與此同時,肖飛鵬也沒閑著。他借著負責市場治安的名義,向商戶們收取“保護費”。若是商戶不從,他便派人故意刁難,要么故意打翻商戶的貨物,要么散播謠言,說商戶的商品有問題。
城南“張記茶莊”的老板,因不愿繳納“保護費”,肖飛鵬便讓人在布莊門口鬧事,說他家的茶葉添加了香料還摻雜枯草、米粉,以次充好,導致茶莊生意一落千丈。老板無奈,只能上門求饒,繳納了兩百兩銀子的“保護費”。
趙玉琸得知消息后,并沒有立刻發作。肖飛鵬根基深厚,若是沒有足夠的證據,很難將他扳倒。他讓人暗中調查肖飛鵬的產業,發現肖飛鵬名下有三家綢緞莊、兩家糧行,還有一處賭場。這些產業的收入,遠遠超過了他作為胥吏的合法收入。
還發現,肖飛鵬控制著京城的絲綢批發渠道。布莊想要進貨,都必須經過他的手,他從中賺取高額差價。趙玉琸當即決定,從這里入手,給肖飛鵬一個教訓。
他聯系了江南絲綢商,以低于肖飛鵬三成的價格,直接向都城的布莊供貨。同時,他還買通了肖飛鵬賭場的賬房,讓賬房故意報錯賬目,導致賭場虧損了一大筆錢。
肖飛鵬得知消息后,氣得暴跳如雷。

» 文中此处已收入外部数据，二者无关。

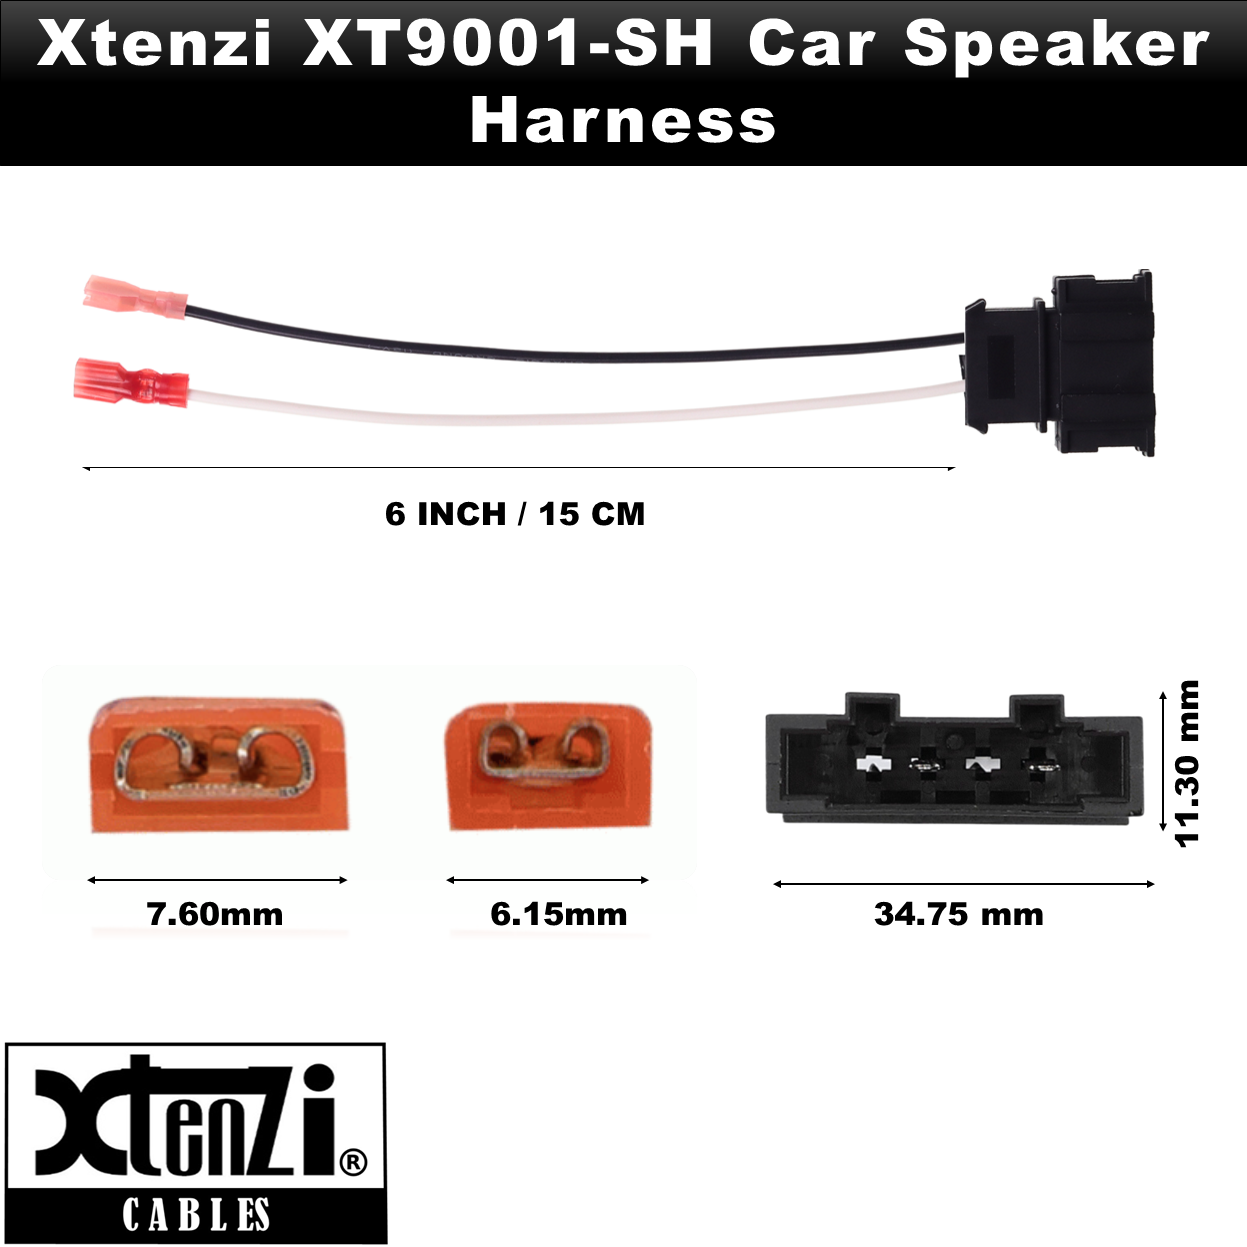 Xtenzi 2 Pair Car Audio Speaker Harness Set for Volkswagen, Porsche Vehicles

他派人去查,卻查不出是誰在背后搞鬼。就在他焦頭爛額之際,趙玉琸派人請他來官署議事。
肖飛鵬來到書房,看到趙玉琸正坐在椅上,悠閑地品茶。“周大人,您找我來,有什么事?”本就因虧損而焦頭爛額,此刻語氣不善。
趙玉琸放下茶杯,抬眼看著他:“肖捕頭,最近你的綢緞莊和賭場,似乎不太順利。”